Article ID Journal Published Year Pages File Type
4158239 Journal of Pediatric Surgery 2009 7 Pages PDF
Abstract

Glutamine may have benefits during neonatal sepsis, but its effects on systemic inflammation are unknown. Our aim was to determine whether glutamine affects inflammation in neonatal endotoxemia. Eleven-day rat pups were given intraperitoneal injections of saline (control; C), endotoxin (300 μg/g Escherichia coli lipopolysaccharide) (E), saline with glutamine (2 mmol/g; G), or endotoxin with glutamine (EG). Animals were killed after 2 or 6 hours. Plasma glutamine (mmol/L) was measured enzymatically, and both tumor necrosis factor α (pg/mL) and interleukin 10 (IL-10) were measured by enzyme-linked immunosorbent assay. Results, expressed as mean ± SEM, were analyzed by analysis of variance. Endotoxemia caused a rapid significant decrease in plasma glutamine at 2 hours (C, 0.73 ± 0.06; E, 0.32 ± 0.07; mean difference, 0.41 [95% confidence interval {CI, 0.17-0.64}]; P < .001), which was prevented by intraperitoneal glutamine (EG, 0.59 ± 0.04; mean difference vs E, 0.27 mmol/L [95% CI, 0.03-0.50]; P < .05), indicating glutamine absorption, whereas CG animals had a plasma glutamine of 0.82 ± 0.07. Tumor necrosis factor α was greatly increased by 2-hour endotoxemia (C, 27 ± 7; E, 2247 ± 43; mean difference, 2220 pg/mL [95% CI, 2012-2429]; P < .001), and this increase was partly prevented by glutamine (EG, 1991 ± 91; P < .05 vs E; mean difference, 256; 95% CI, 47-465; P < .05).
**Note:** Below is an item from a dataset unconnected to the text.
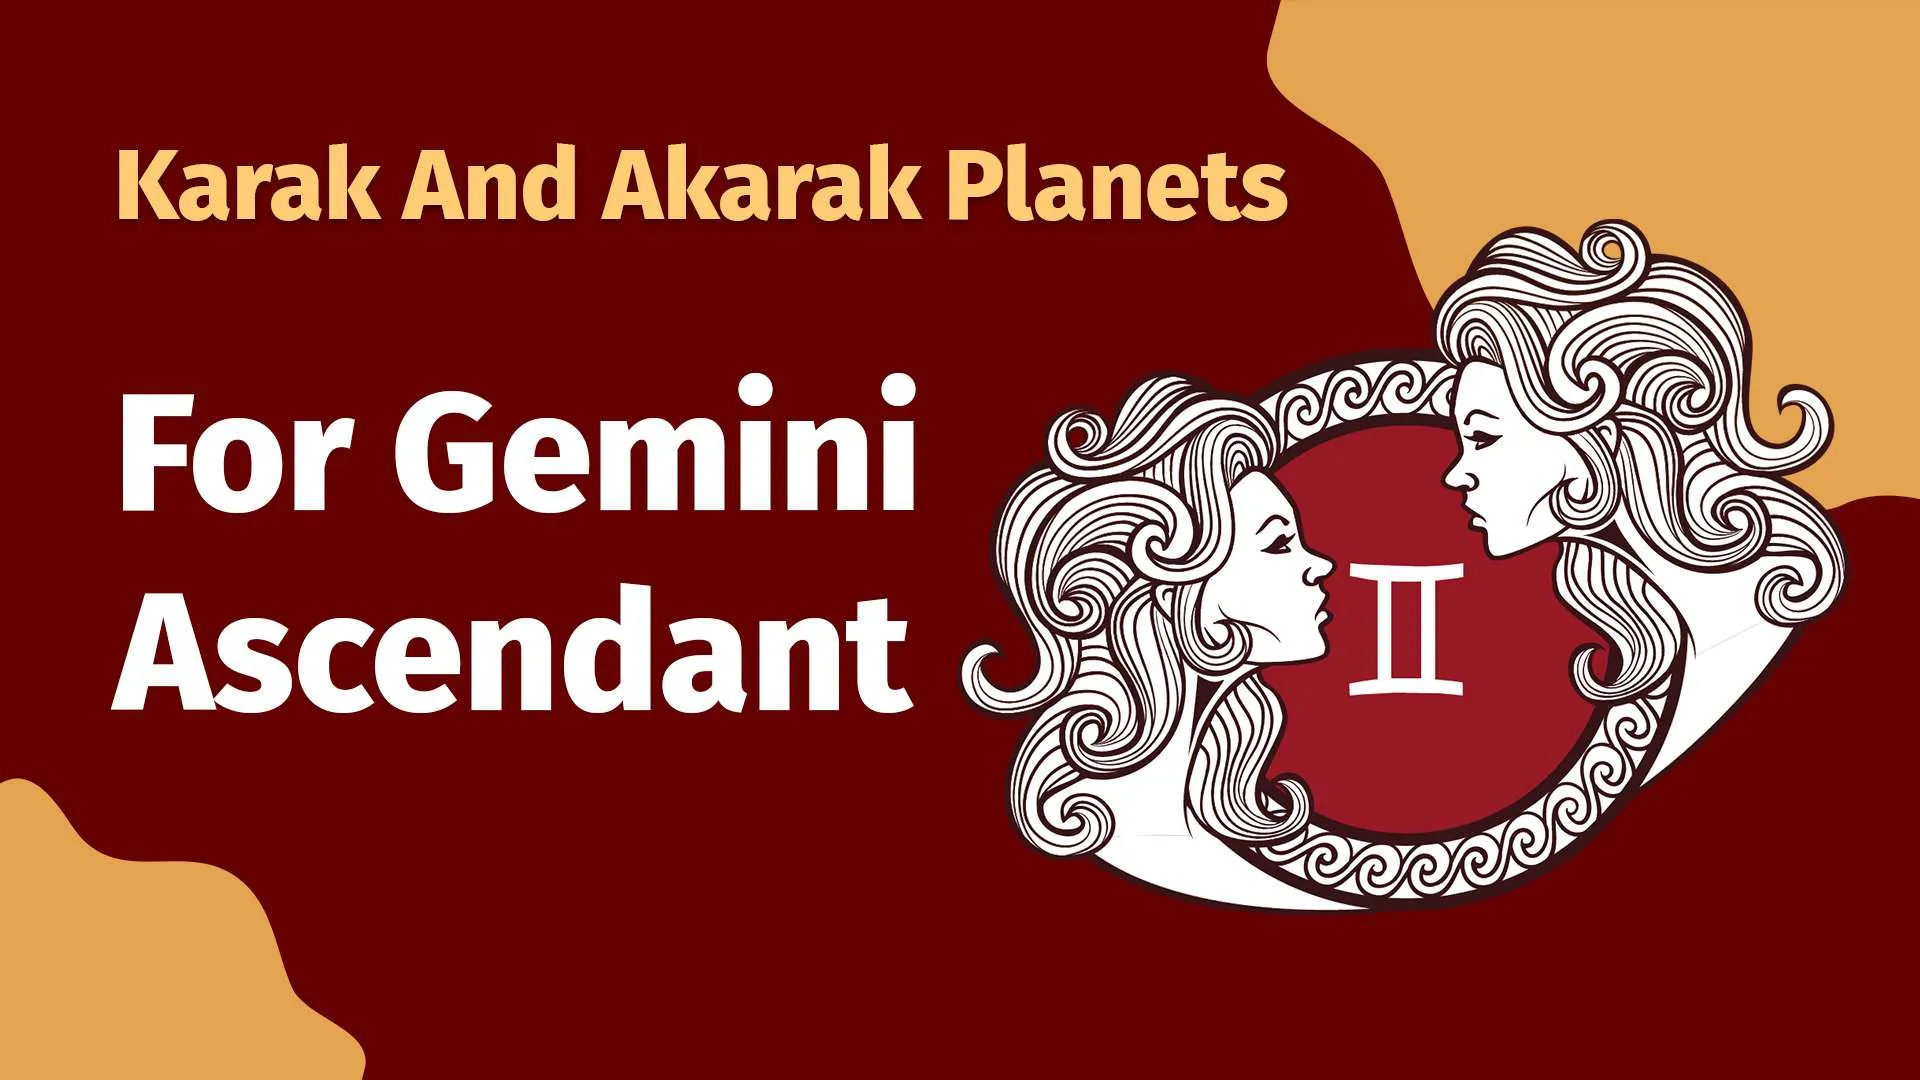 Karak and Akarak planets of Gemini Ascendants
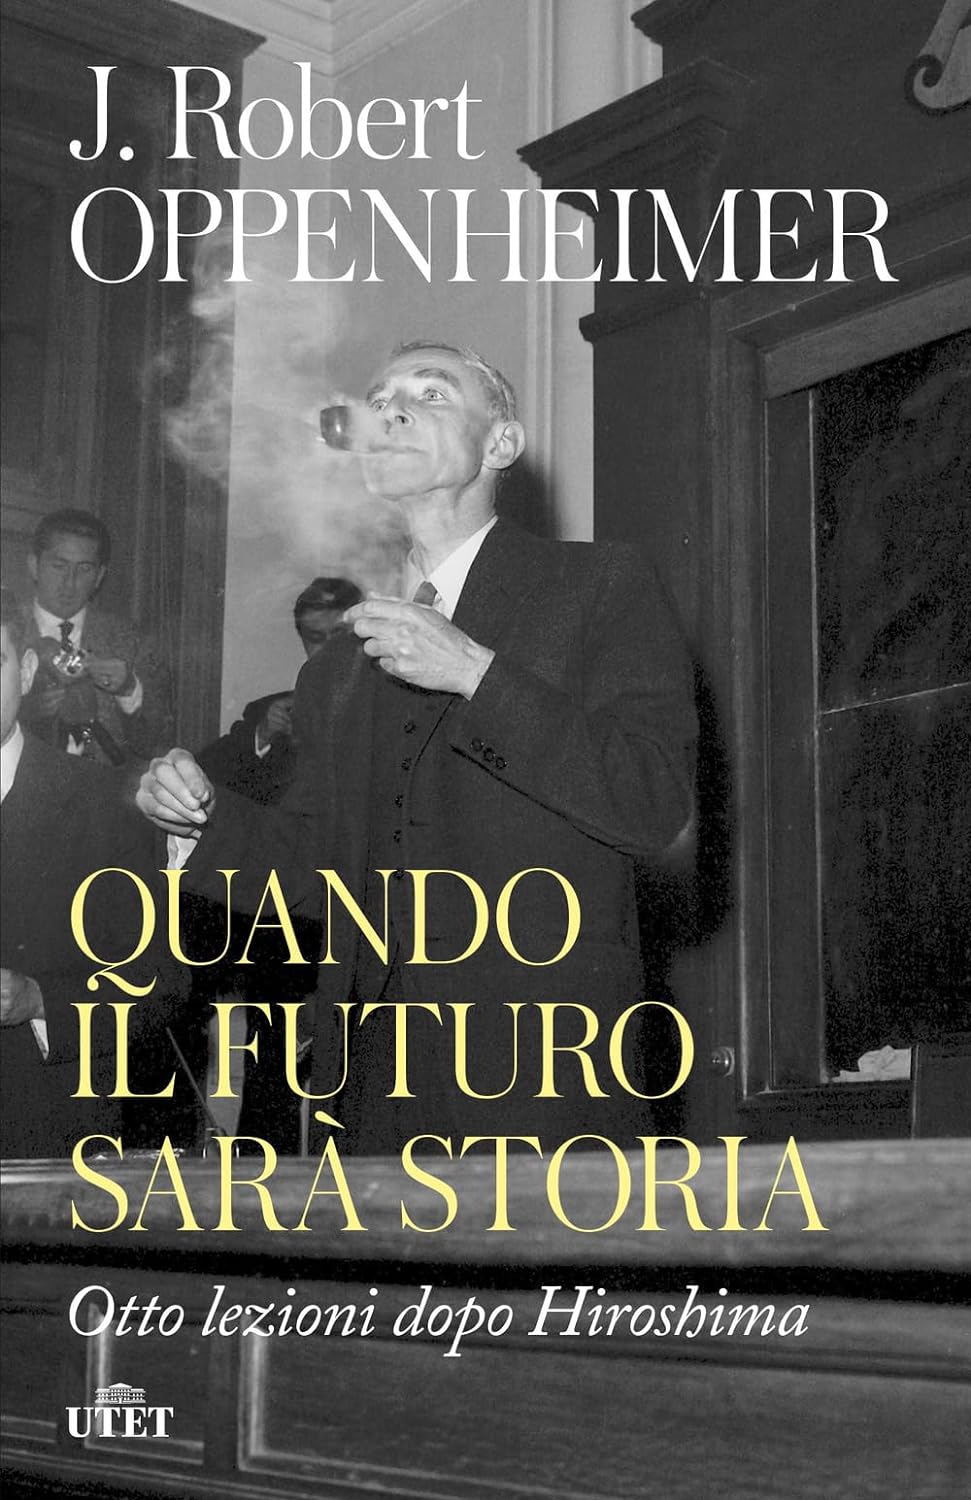 Robert J. Oppenheimer: Quando il futuro sarà storia (Italiano language, UTET)

The effect of glutamine was more pronounced at 6 hours (C, 32 ± 27; E, 799 ± 193; EG, 219 ± 75, C vs E mean difference, 767; 95% CI, 346-1188; P < .001; E vs EG mean difference, 580; 95% CI, 159-1001; P < .01). The IL-10 levels were also greatly increased by 2-hour endotoxemia (C = 55 ± 21, E = 2429 ± 58, EG = 1989 ± 177; C vs E mean difference, 2374; 95% CI, 2740-2008; P < .001; E vs EG mean difference, 440; 95% CI, 74-807; P < .05). Glutamine administration partially prevents the sepsis-induced fall in plasma glutamine levels and reduces the concentration of both proinflammatory and antiinflammatory cytokines.